Exercise directions: Beginning with the line that contains "Winter Boots for", write out each remaining line of the records below exactly. Do not copy any picture.

[Extracted data entries]

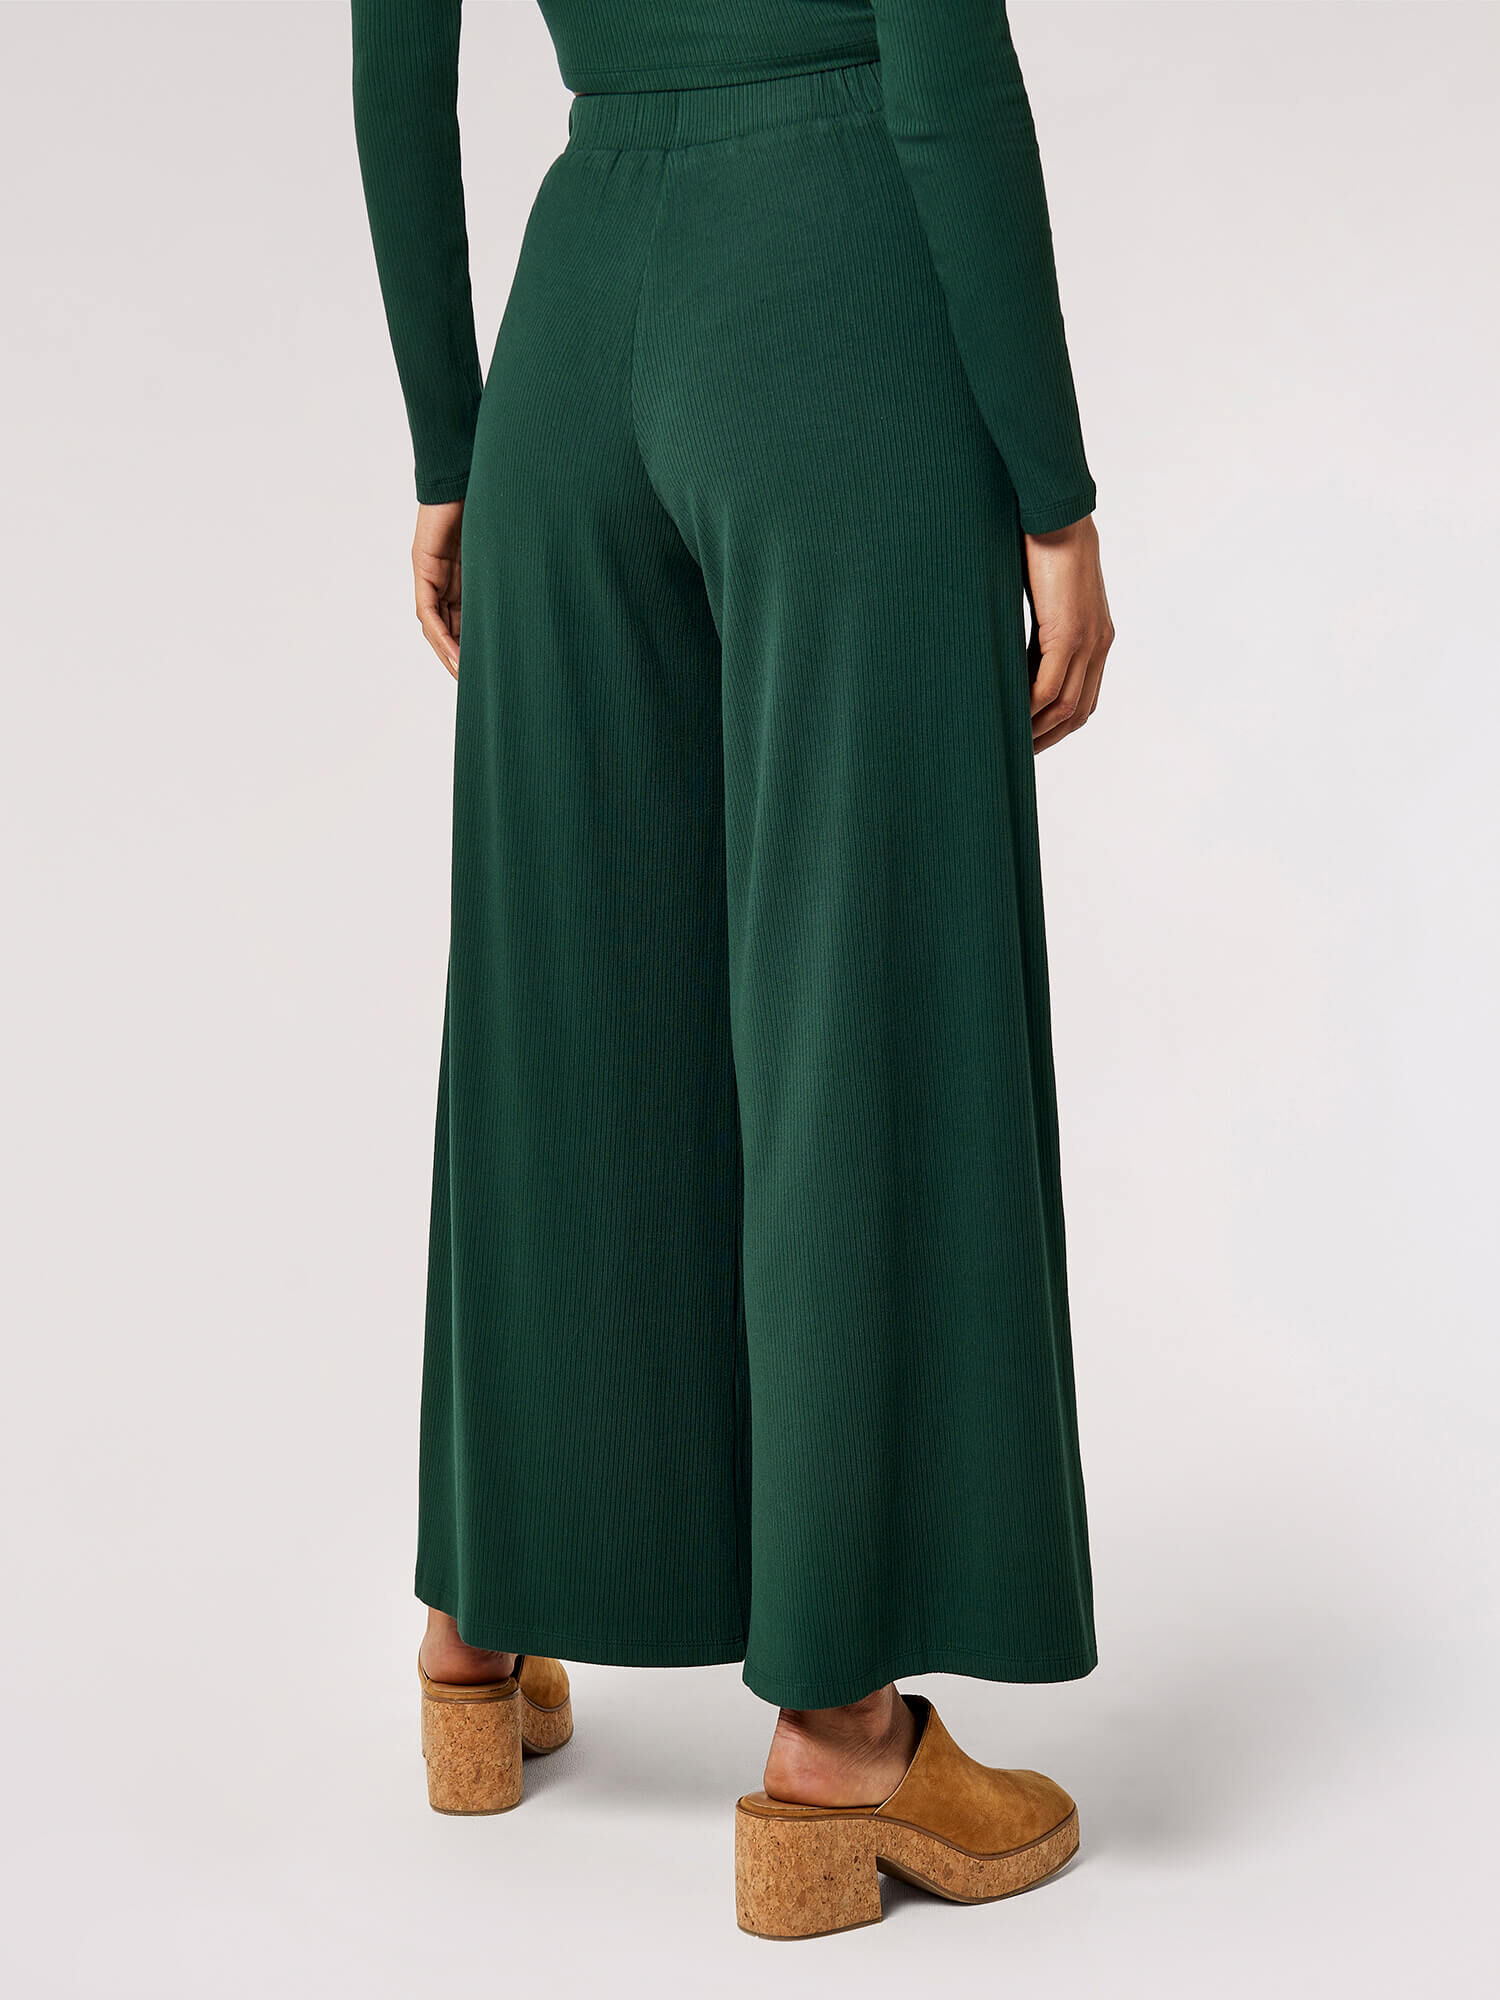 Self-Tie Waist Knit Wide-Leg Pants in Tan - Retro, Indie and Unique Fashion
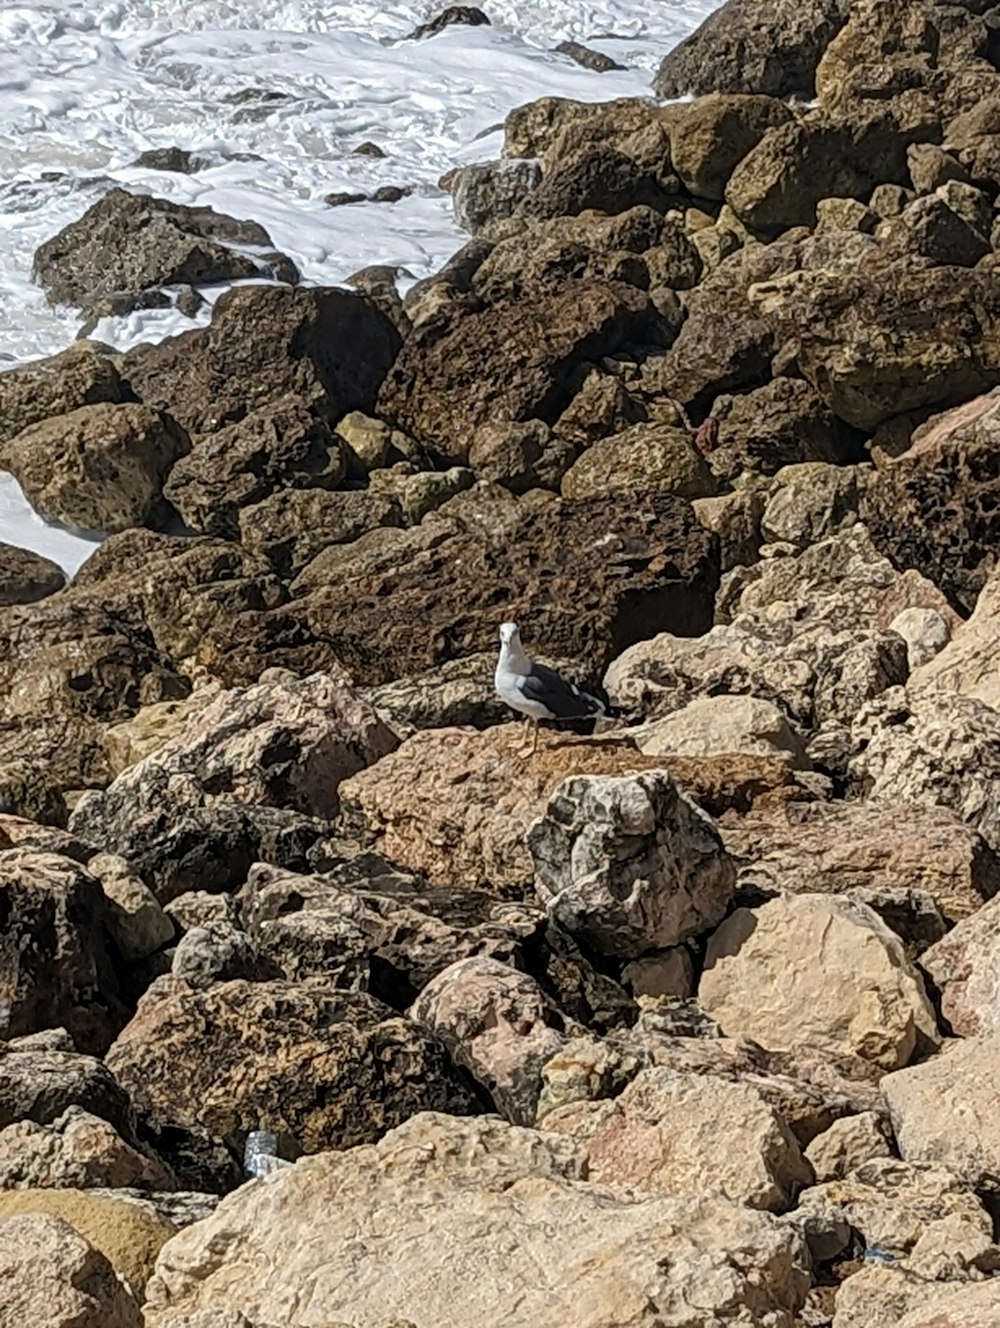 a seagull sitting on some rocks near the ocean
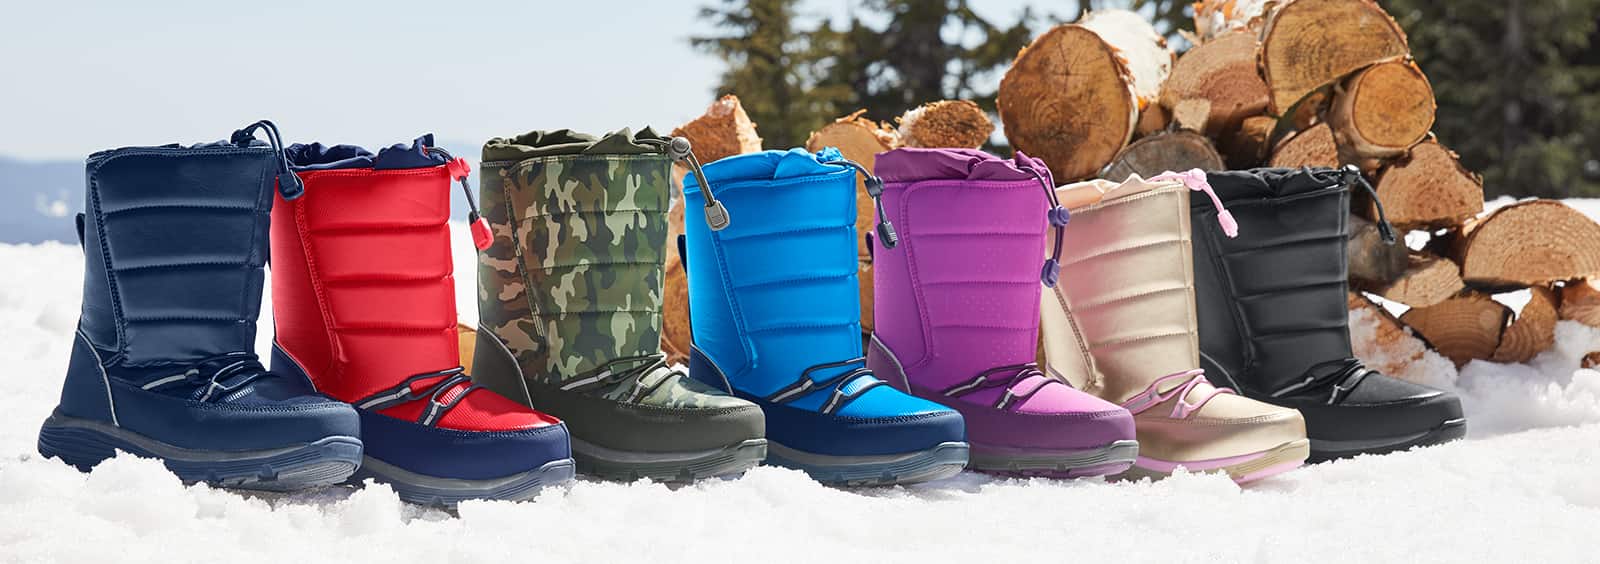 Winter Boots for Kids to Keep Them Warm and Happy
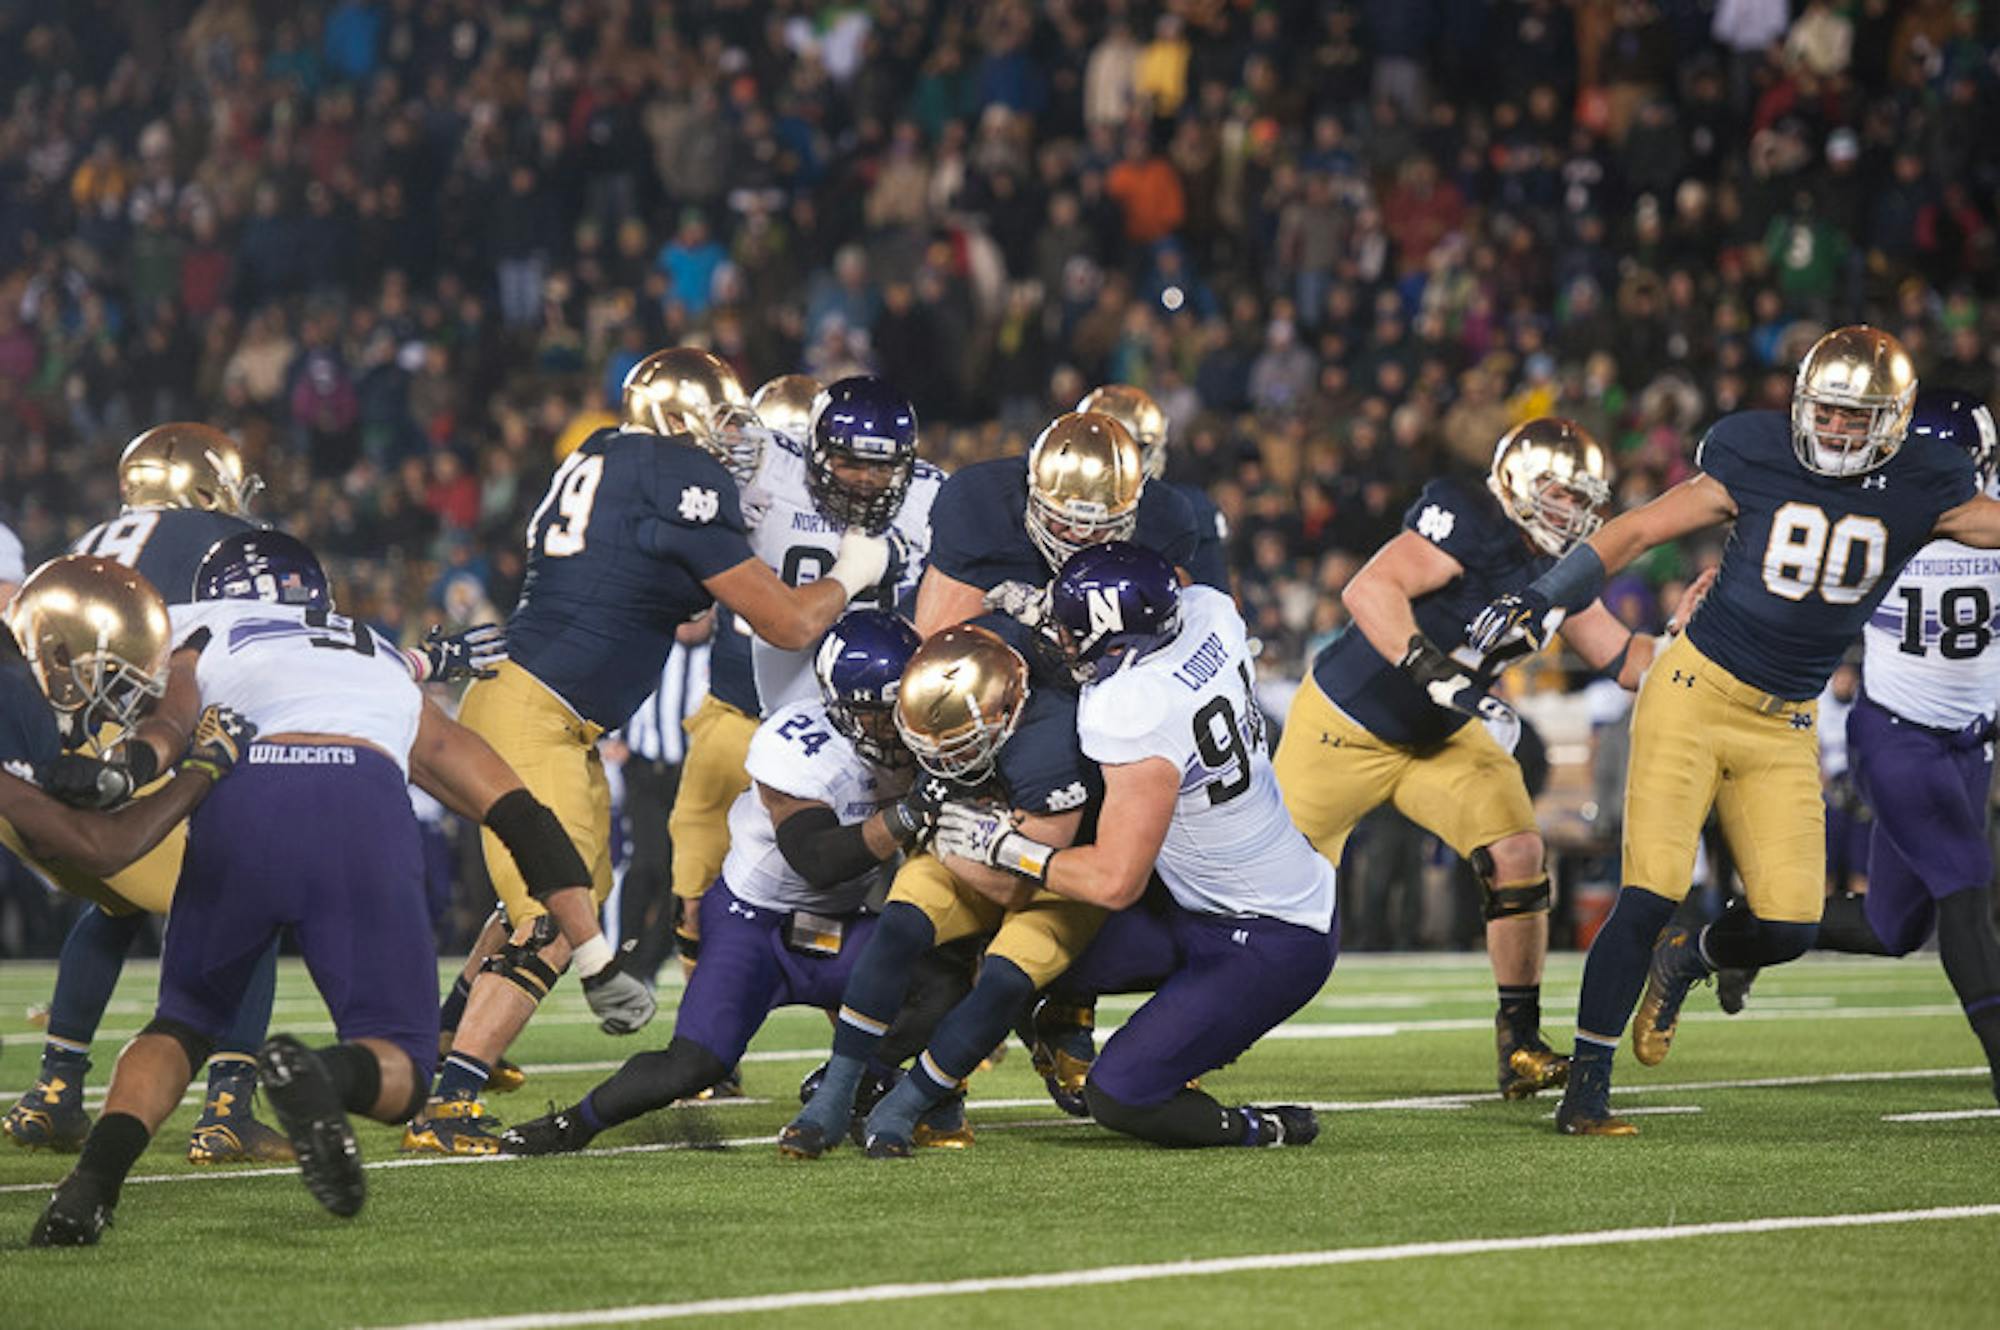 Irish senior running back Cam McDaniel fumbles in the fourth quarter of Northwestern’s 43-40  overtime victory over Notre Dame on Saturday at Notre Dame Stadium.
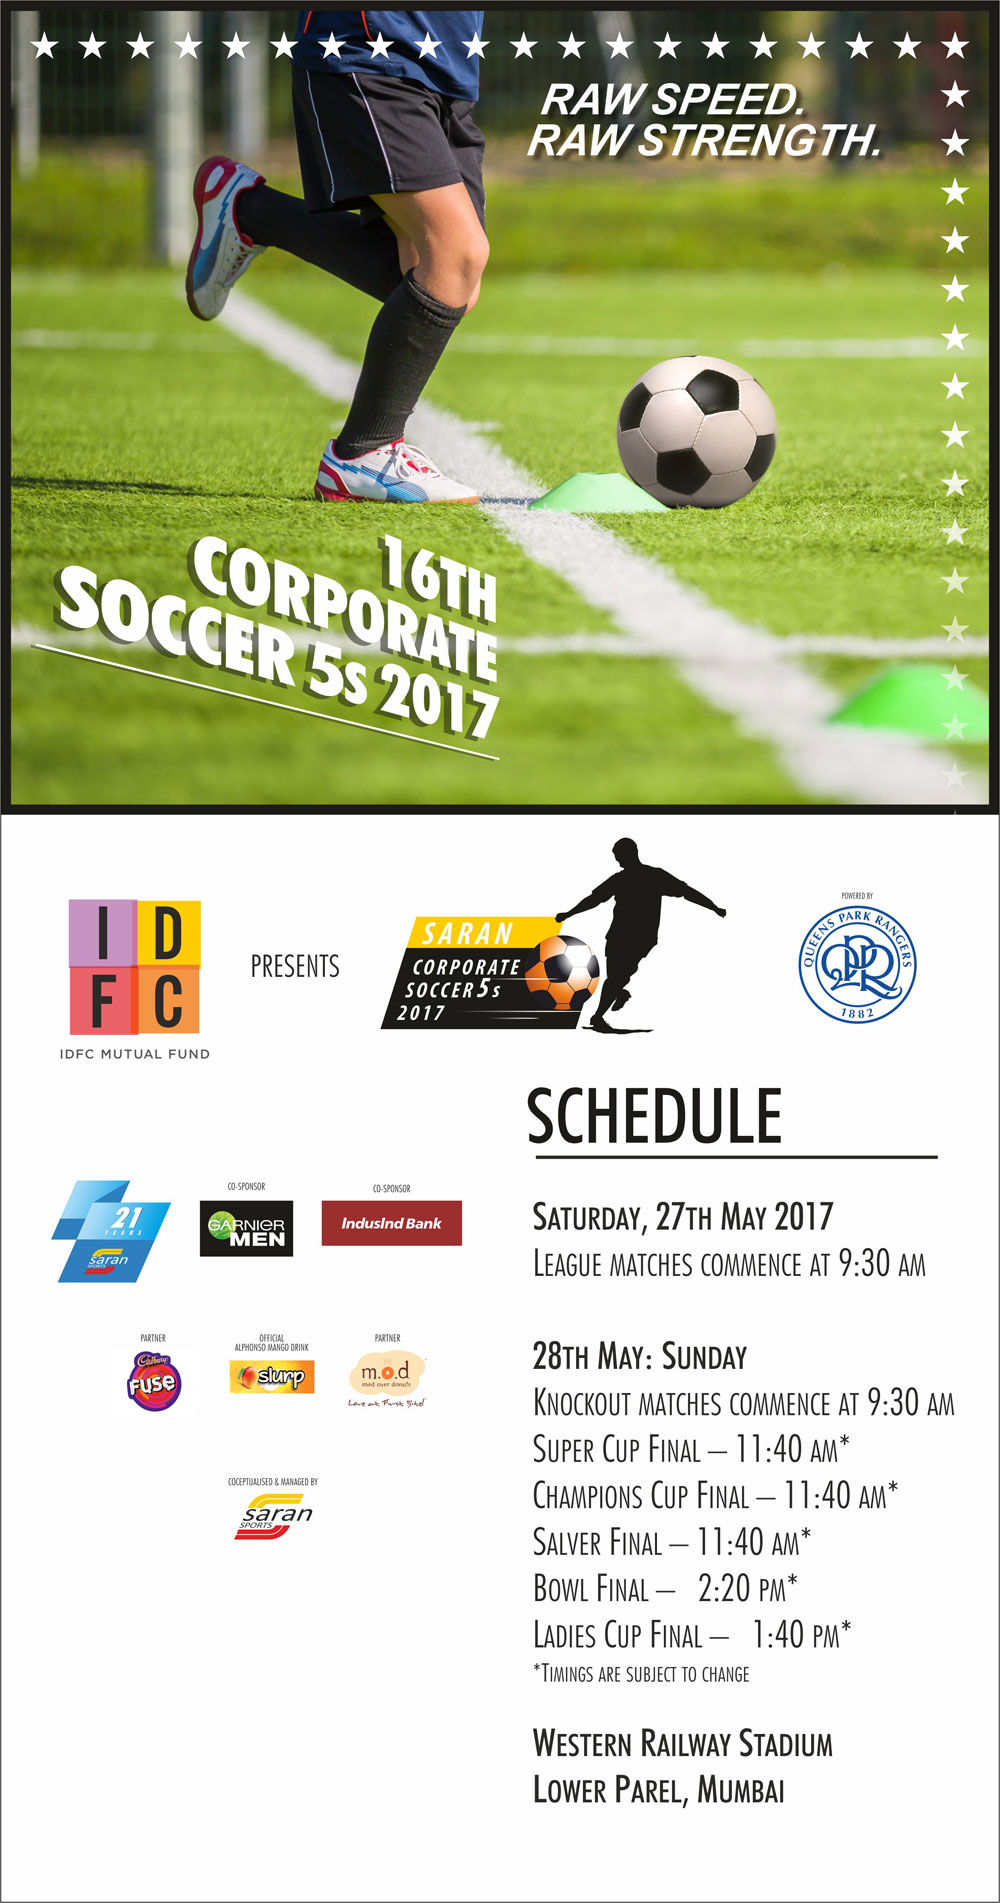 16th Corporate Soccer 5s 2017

Answer to this problem:
 Winter Boots for Kids to Keep Them Warm and Happy
 Irish senior running back Cam McDaniel fumbles in the fourth quarter of Northwestern’s 43-40  overtime victory over Notre Dame on Saturday at Notre Dame Stadium.
 16th Corporate Soccer 5s 2017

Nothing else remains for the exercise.